→ Input data:

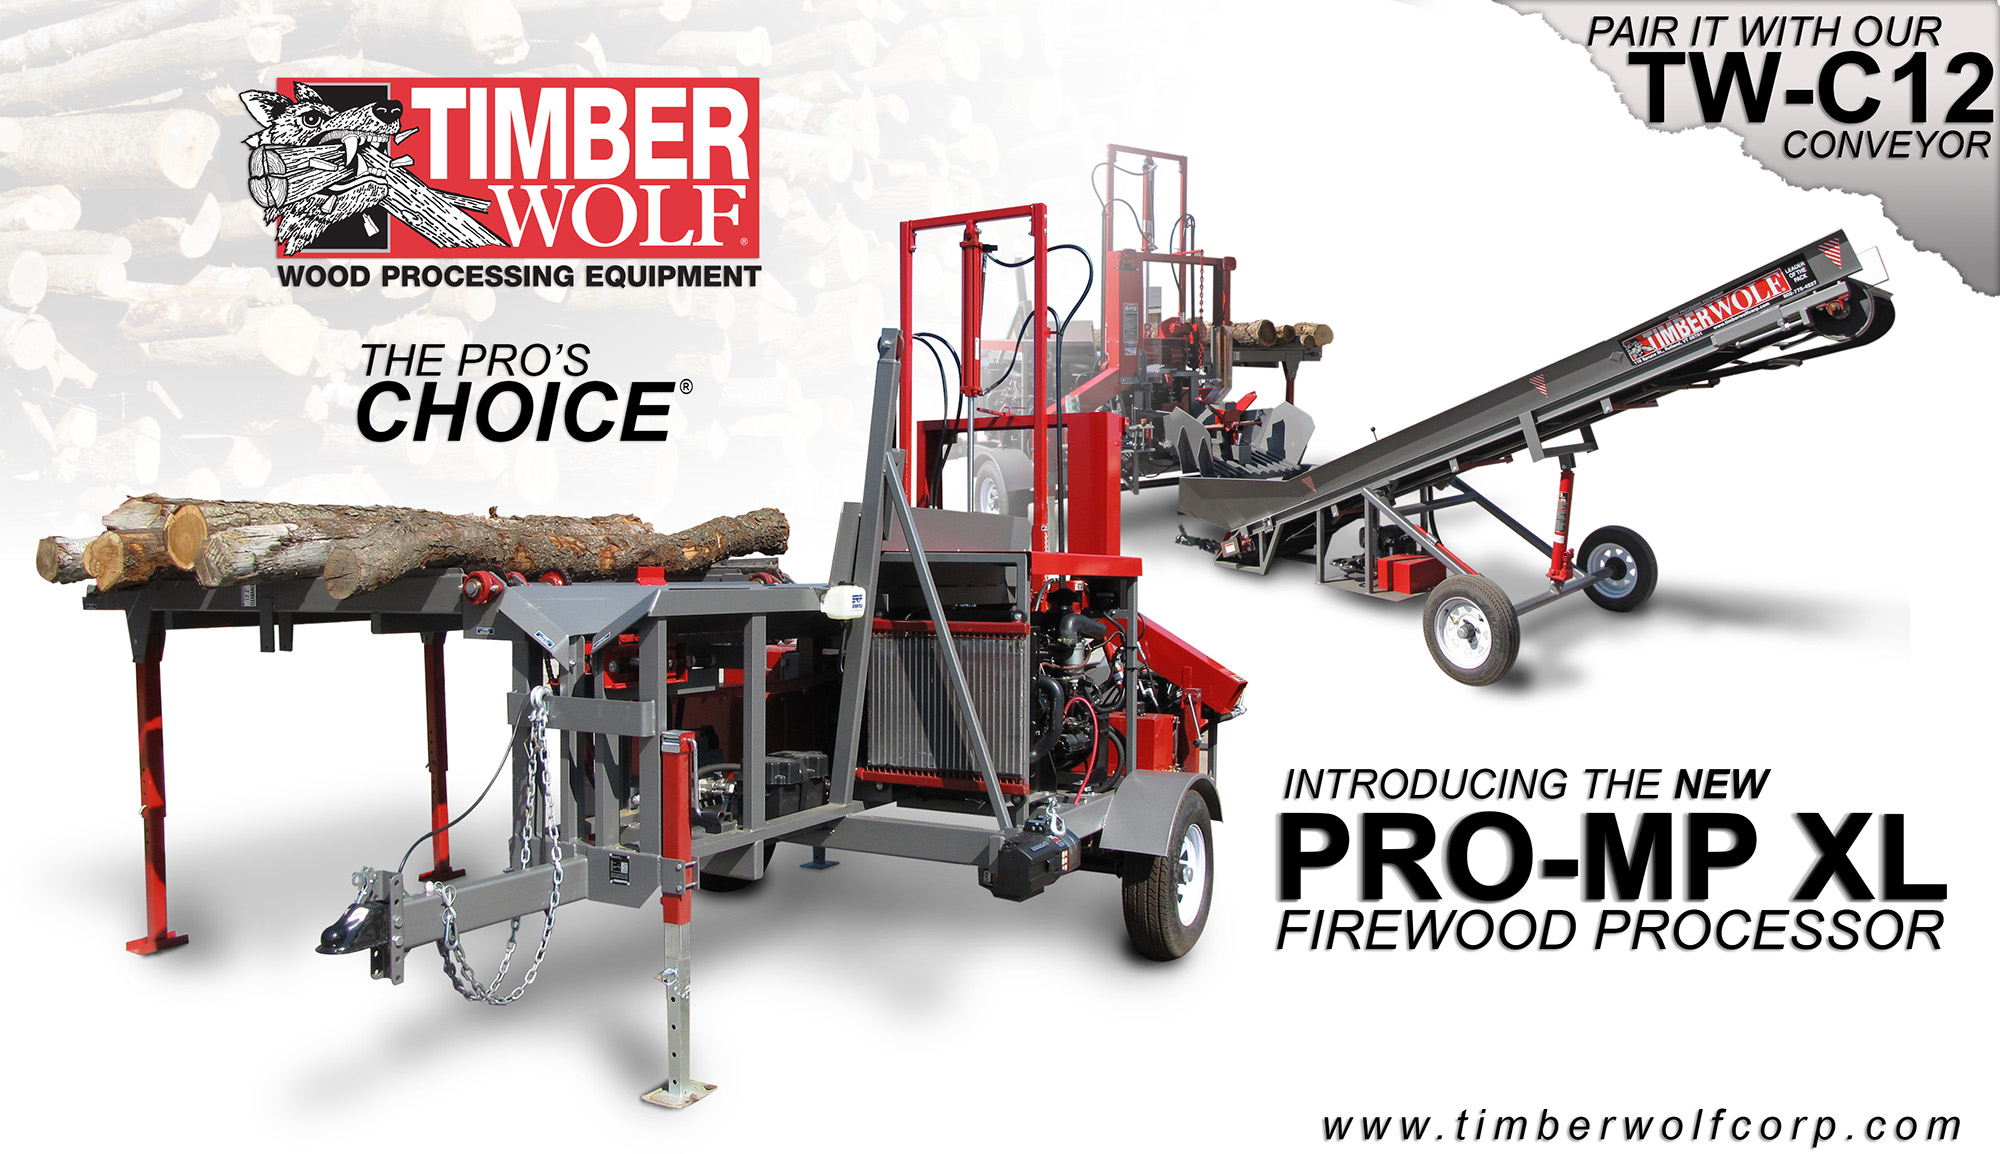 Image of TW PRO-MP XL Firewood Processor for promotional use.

--

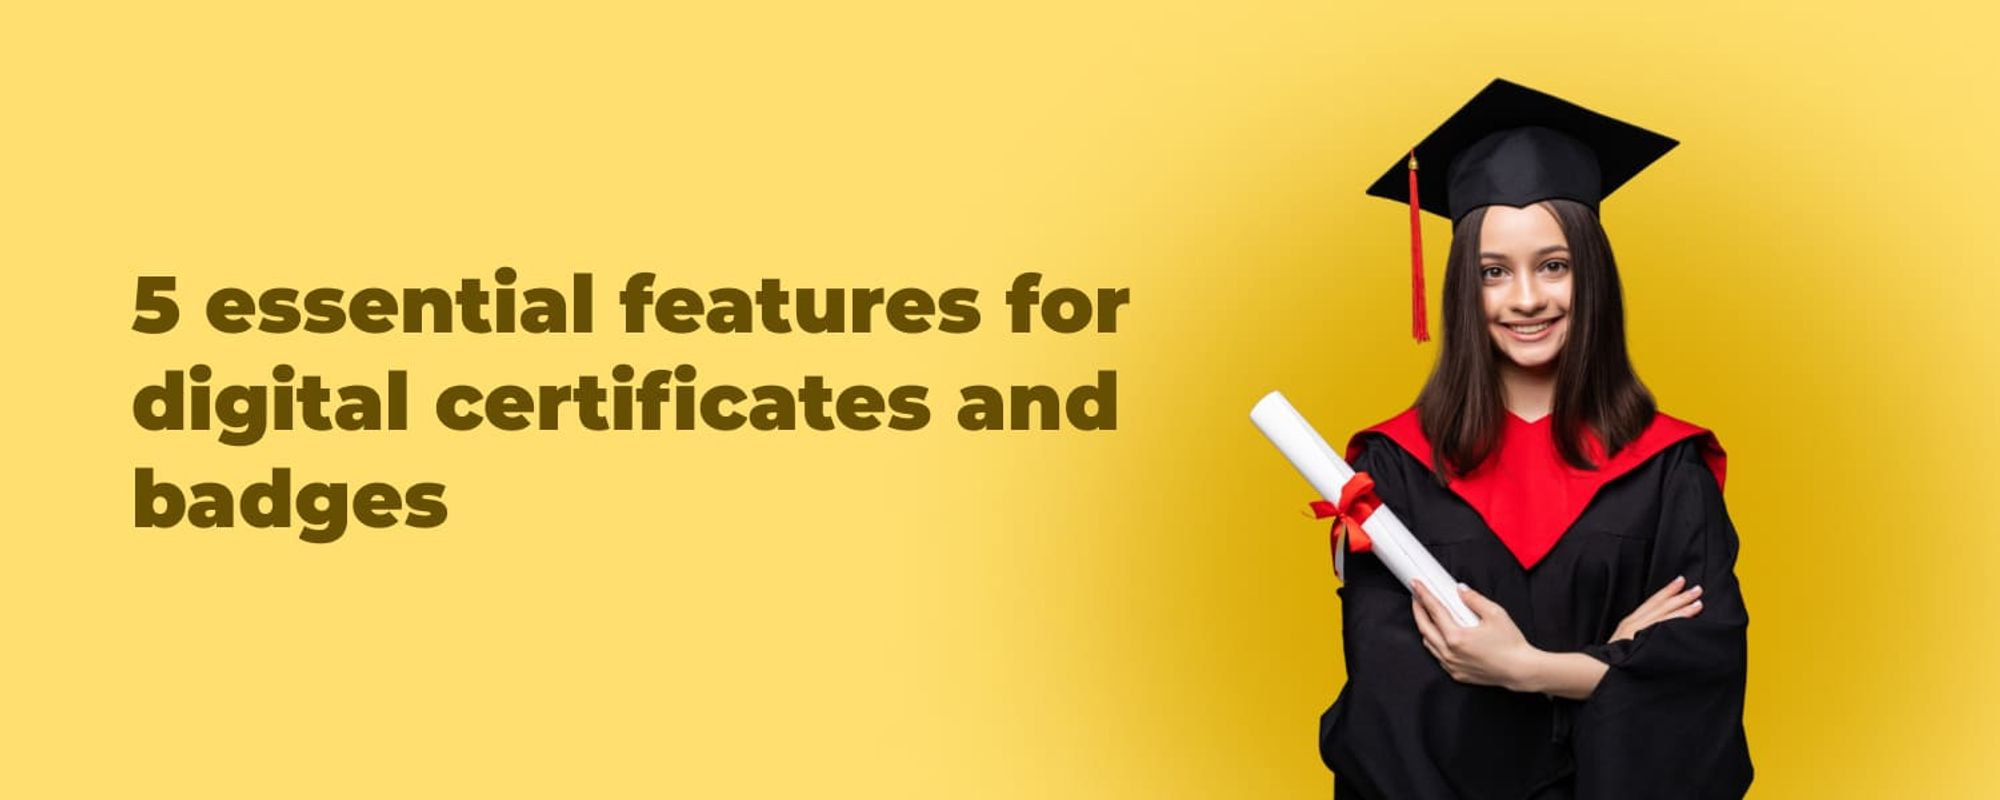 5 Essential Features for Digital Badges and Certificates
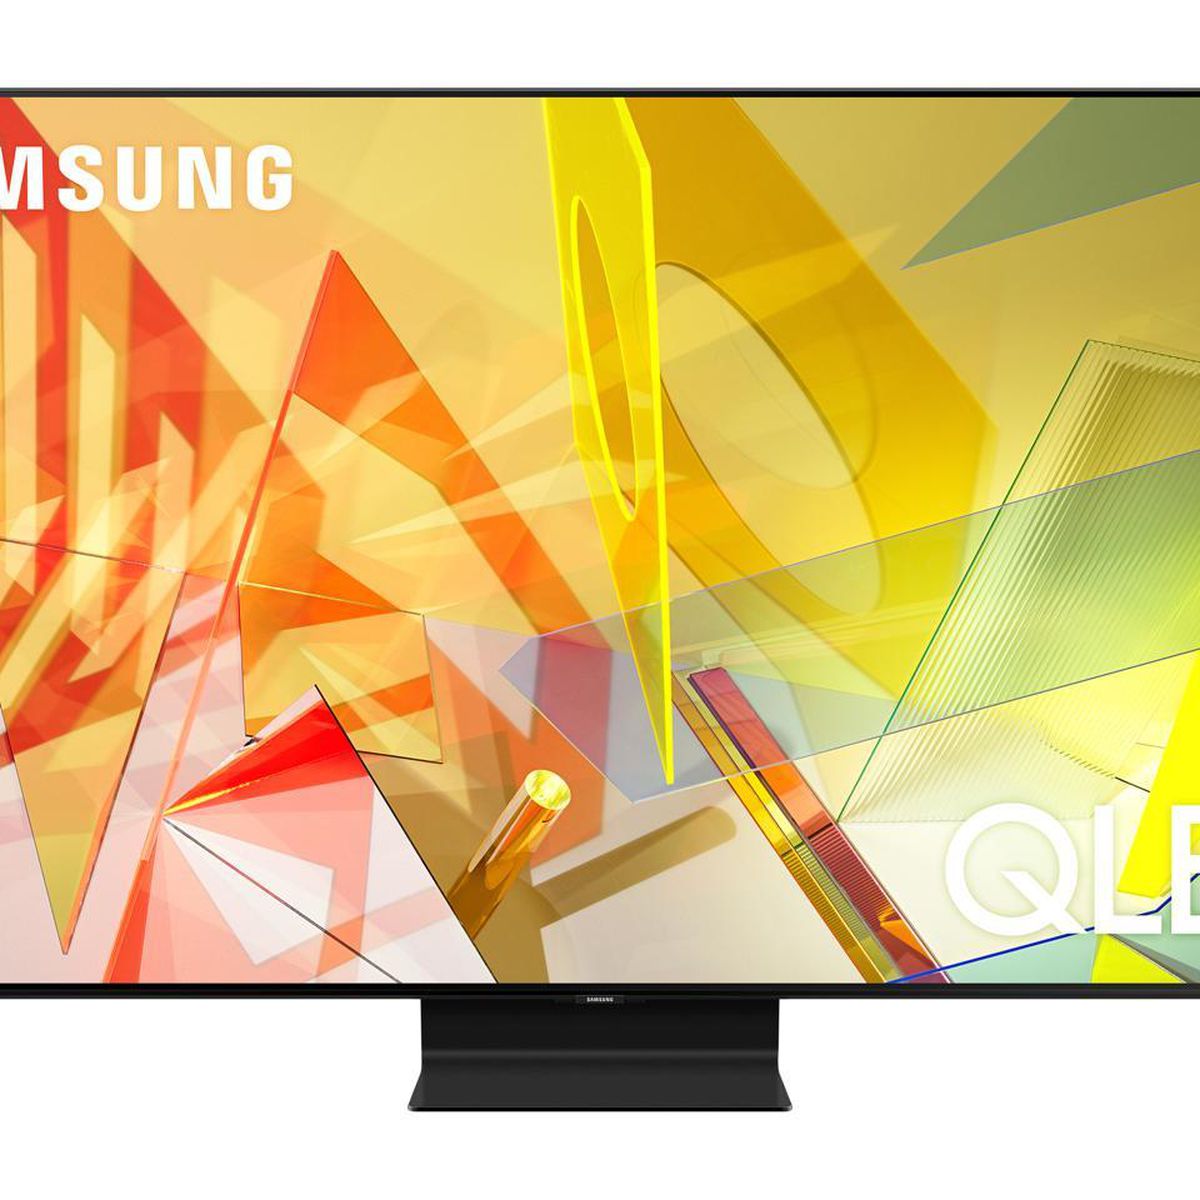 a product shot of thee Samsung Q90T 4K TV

--

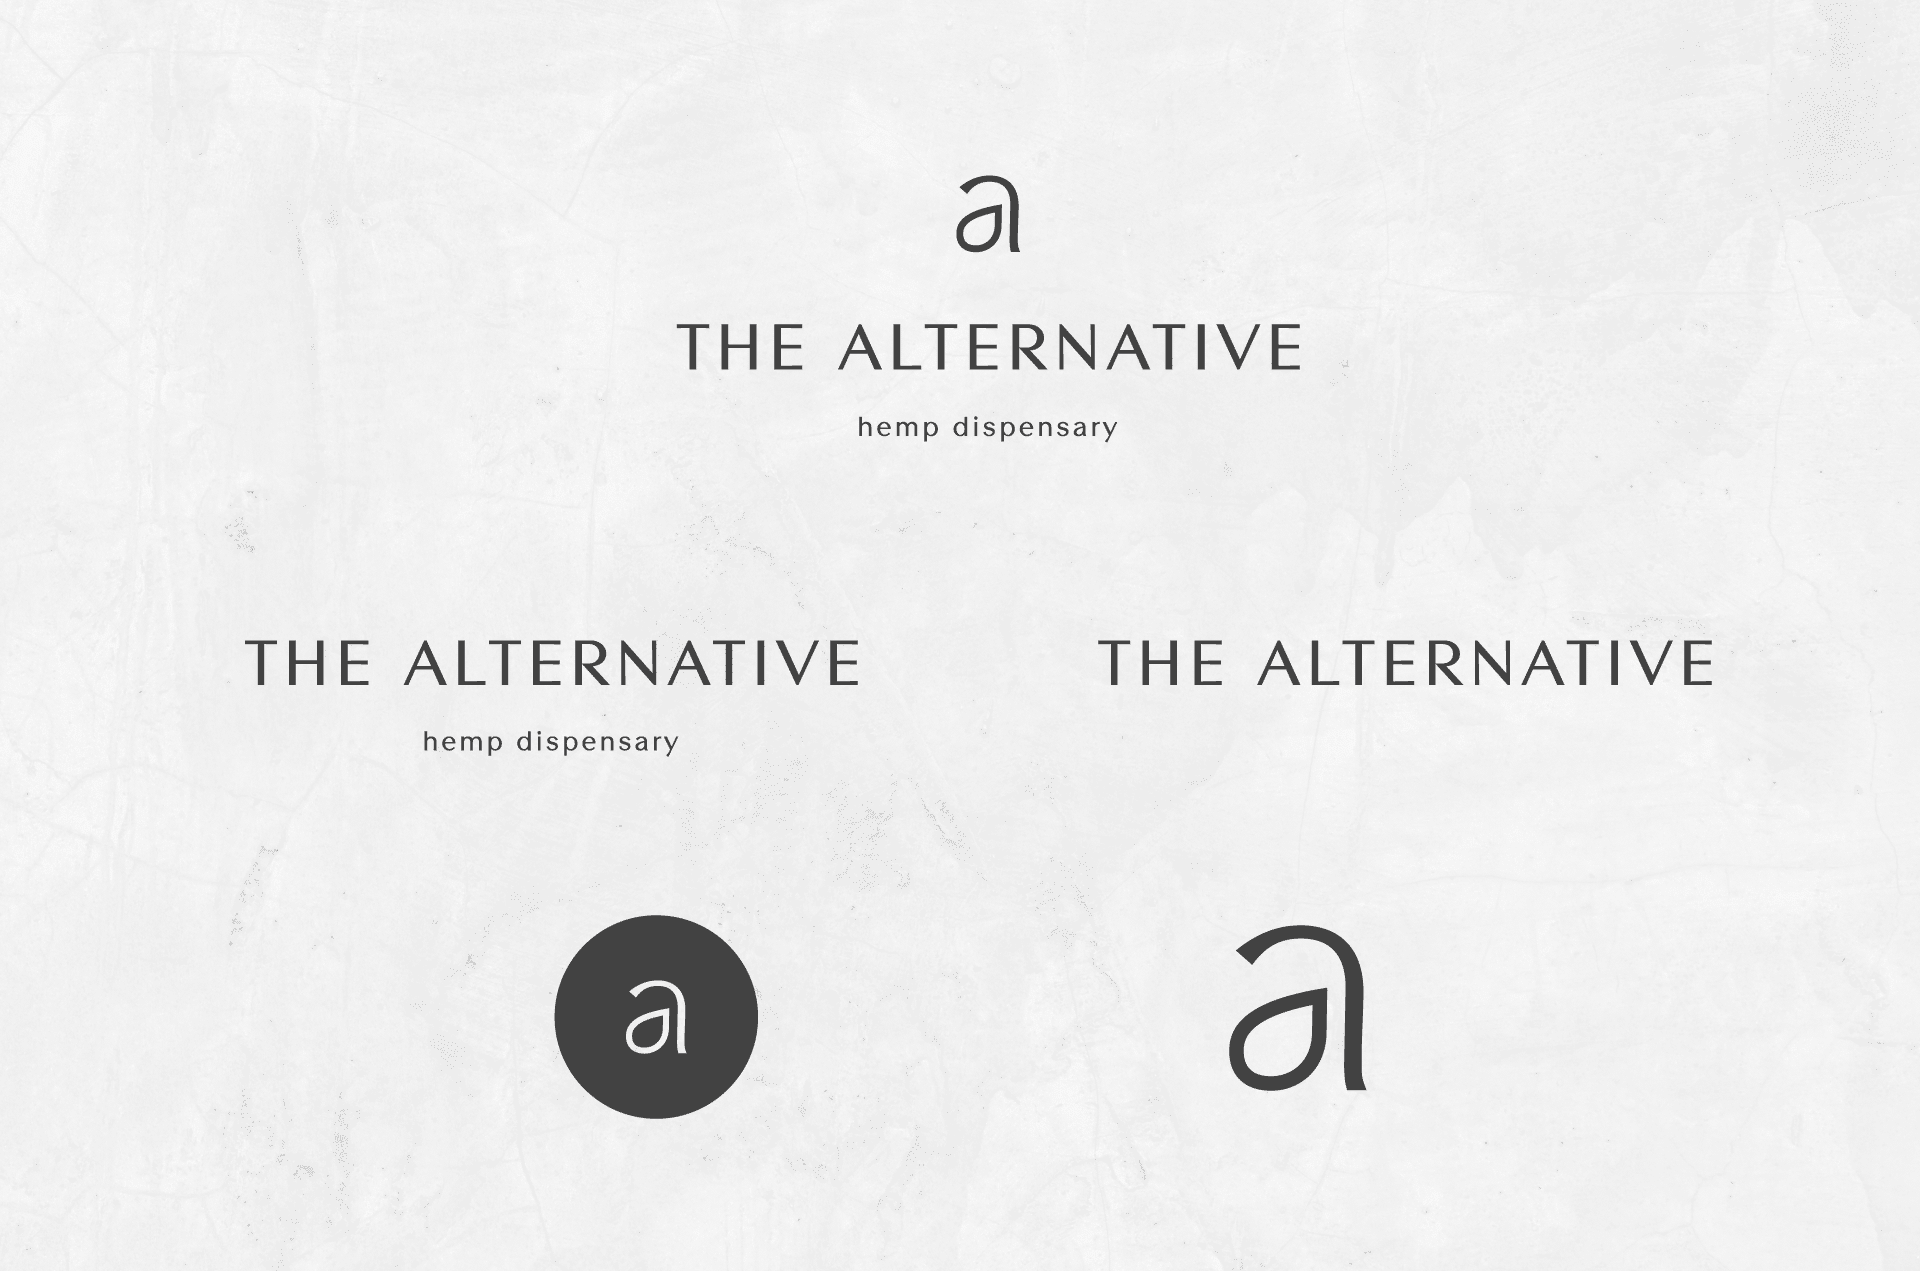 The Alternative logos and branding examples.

→ The task: Using the entries above, reproduce word for word only the lines from the one that contains "5 Essential Features" to the one that contains "a product shot of thee Samsung Q90T 4K TV", both ends included, and drop every picture.

→ Task output:
 5 Essential Features for Digital Badges and Certificates
 a product shot of thee Samsung Q90T 4K TV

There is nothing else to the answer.